The Company also sells home office equipment, lawn and garden products
and bedding, and continues to introduce additional product categories
for the home to help increase same store sales and to respond to our
customers' product needs.
    Unlike many of its competitors, the Company provides in-house
credit options for its customers. Historically, it has financed over
56% of retail sales. Customer receivables are financed substantially
through an asset-backed securitization facility, from which the
Company derives servicing fee income and interest income from these
assets. The Company transfers receivables, consisting of retail
installment contracts and revolving accounts extended to its
customers, to a qualifying special purpose entity, or the issuer, in
exchange for cash and subordinated securities represented by
asset-backed and variable funding notes issued to third parties.
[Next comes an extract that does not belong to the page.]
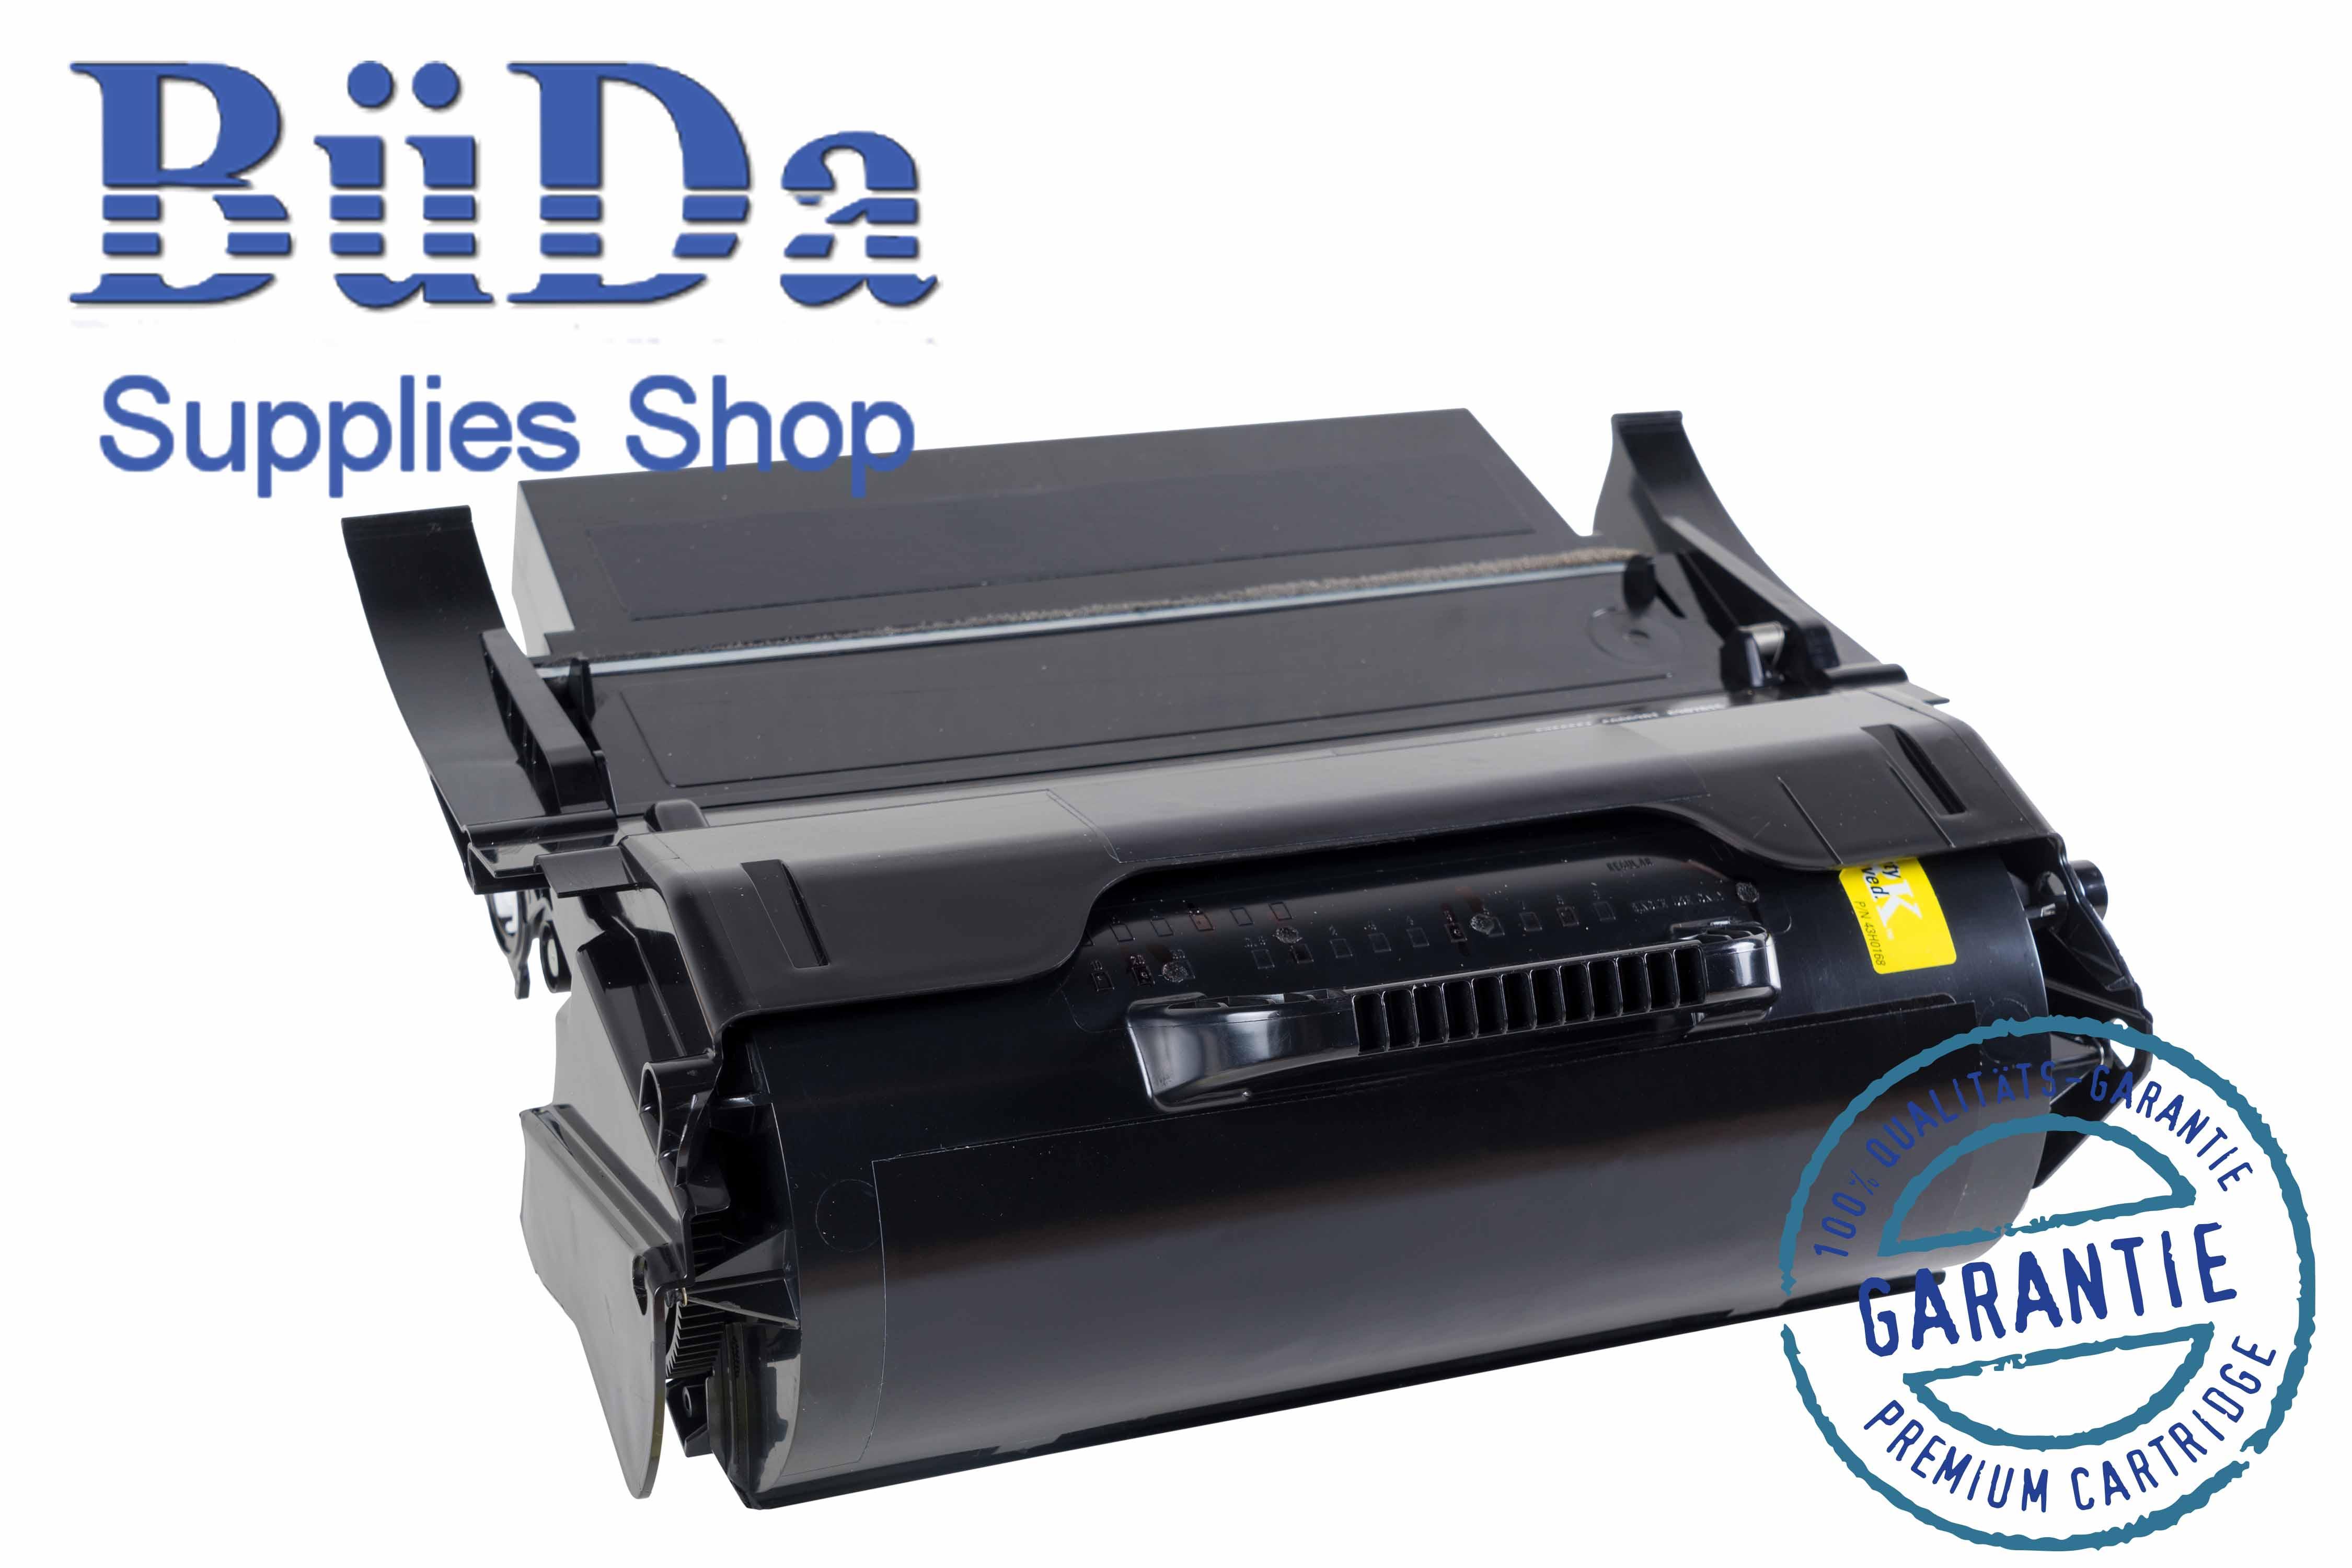 Toner-Modul komp. zu Dell 5230 black 21000 Seiten

    About GE Commercial Finance, Business Property

    GE Commercial Finance, Business Property is a leading provider of
single tenant/owner-occupied commercial real estate financing in the
U.S. With assets of over $13B, the business serves commercial real
estate owners, investors, developers, and brokers. A multi-solution
provider, the business offers conventional debt and SBA loans, as well
as flexible, structured products tailored to meet the capital needs of
small to middle market businesses in diverse industries.
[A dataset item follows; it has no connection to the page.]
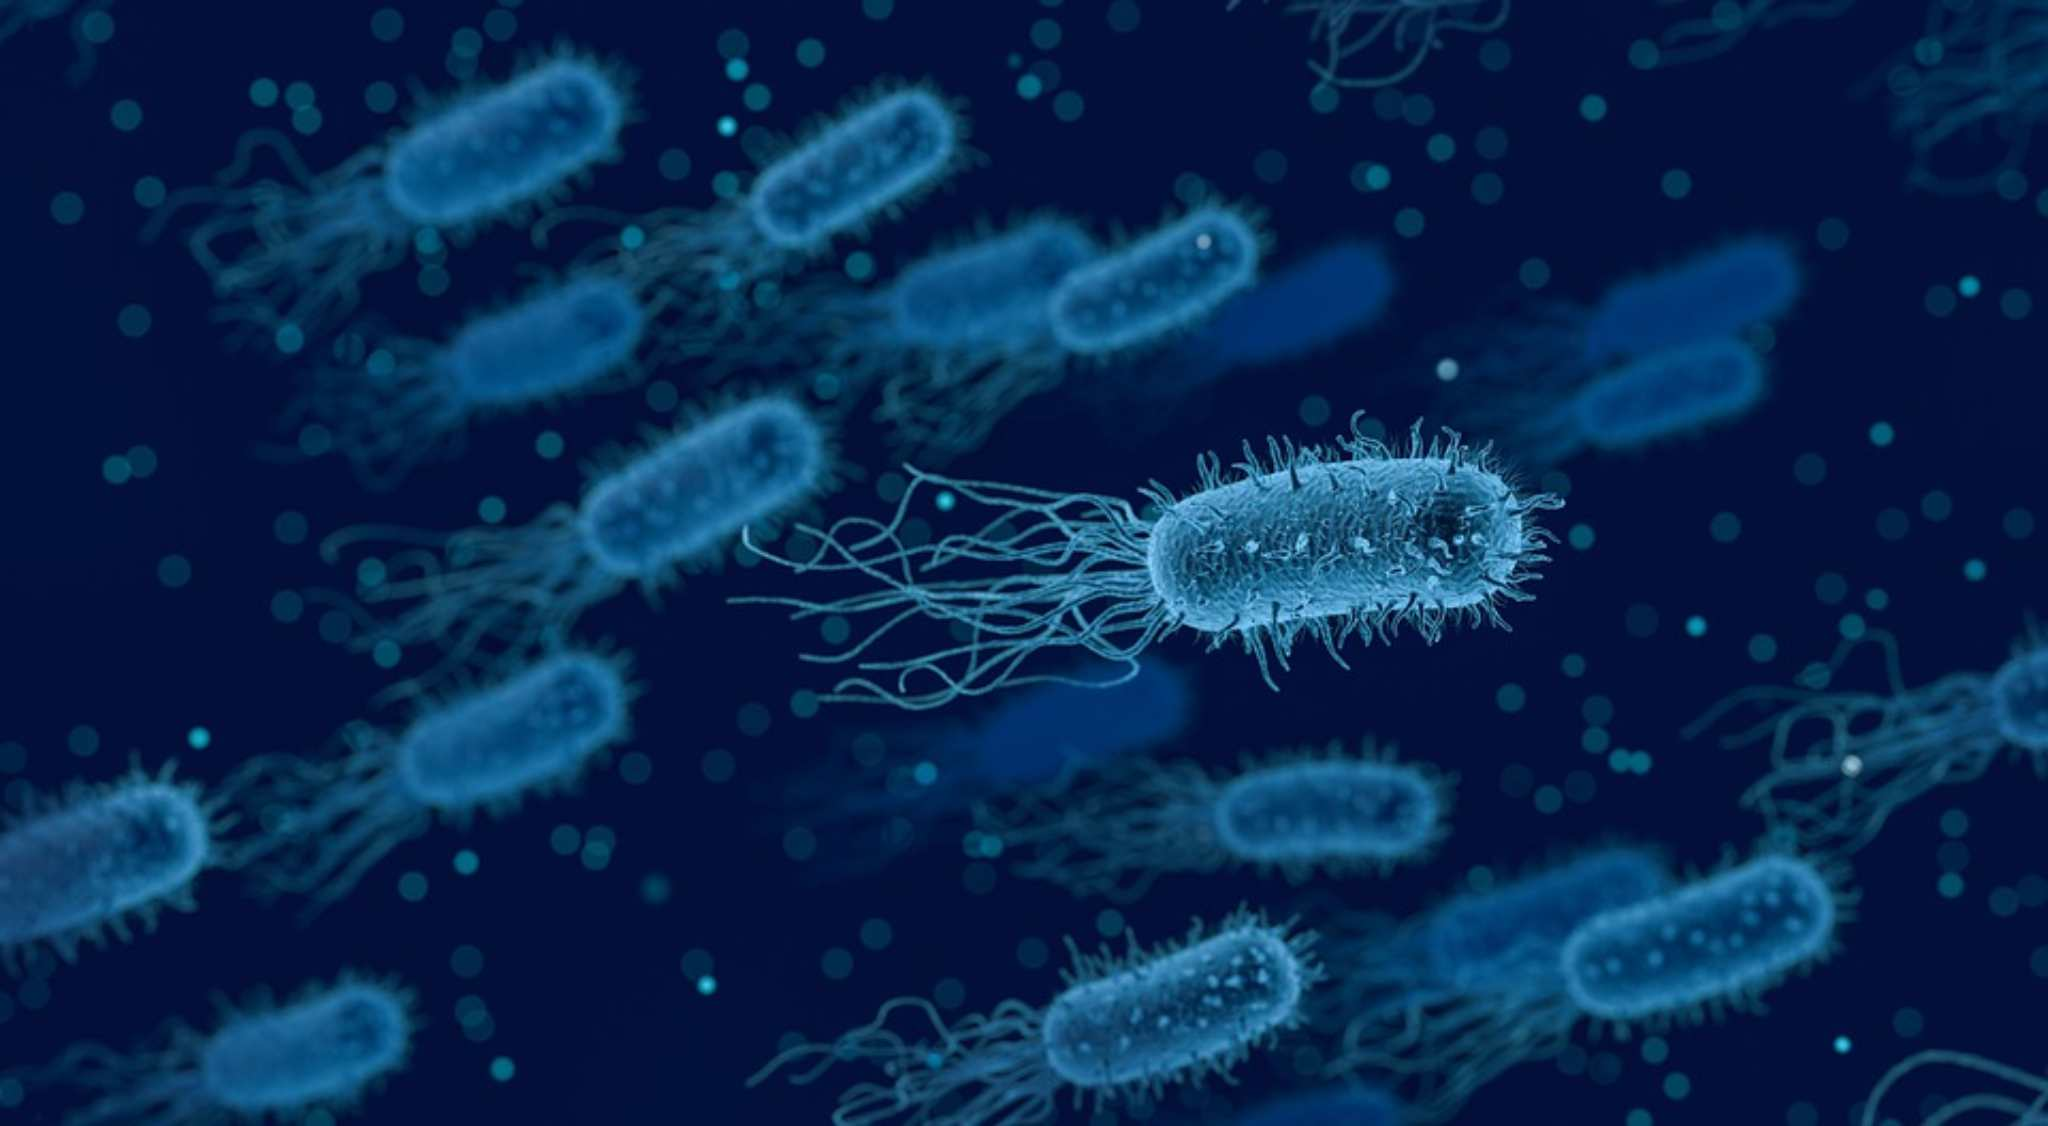 il microbiota umano

    This press release contains forward-looking statements that
involve risks and uncertainties. Such forward-looking statements
generally can be identified by the use of forward-looking terminology
such as "may," "will," "expect," "intend," "could," "estimate,"
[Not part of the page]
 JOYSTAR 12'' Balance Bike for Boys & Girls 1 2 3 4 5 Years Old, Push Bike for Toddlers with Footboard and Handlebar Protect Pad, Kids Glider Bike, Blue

"should," "anticipate," or "believe," or the negative thereof or
variations thereon or similar terminology. Although the Company
believes that the expectations reflected in such forward-looking
statements will prove to be correct, the Company can give no assurance
that such expectations will prove to have been correct. The actual
future performance of the Company could differ materially from such
statements. Factors that could cause or contribute to such differences
include, but are not limited to: the Company's growth strategy and
plans regarding opening new stores and entering new markets; the
Company's intention to update or expand existing stores; the Company's
estimated capital expenditures and costs related to the opening of new
stores or the update or expansion of existing stores; the Company's
cash flow from operations, borrowings from its revolving line of
credit and proceeds from securitizations to fund operations, debt
repayment and expansion; growth trends and projected sales in the home
appliance and consumer electronics industry and the Company's ability
to capitalize on such growth; relationships with the Company's key
suppliers; the results of the Company's litigation; interest rates;
weather conditions in the Company's markets; changes in the Company's
stock price; and the actual number of shares of common stock
outstanding. Further information on these risk factors is included in
the Company's filings with the Securities and Exchange Commission,
including the Company's Form 10-K filed on April 16, 2004. You are
cautioned not to place undue reliance on these forward-looking
statements, which speak only as of the date of this press release.
Except as required by law, the Company is not obligated to publicly
release any revisions to these forward-looking statements to reflect
the events or circumstances after the date of this press release or to
reflect the occurrence of unanticipated events.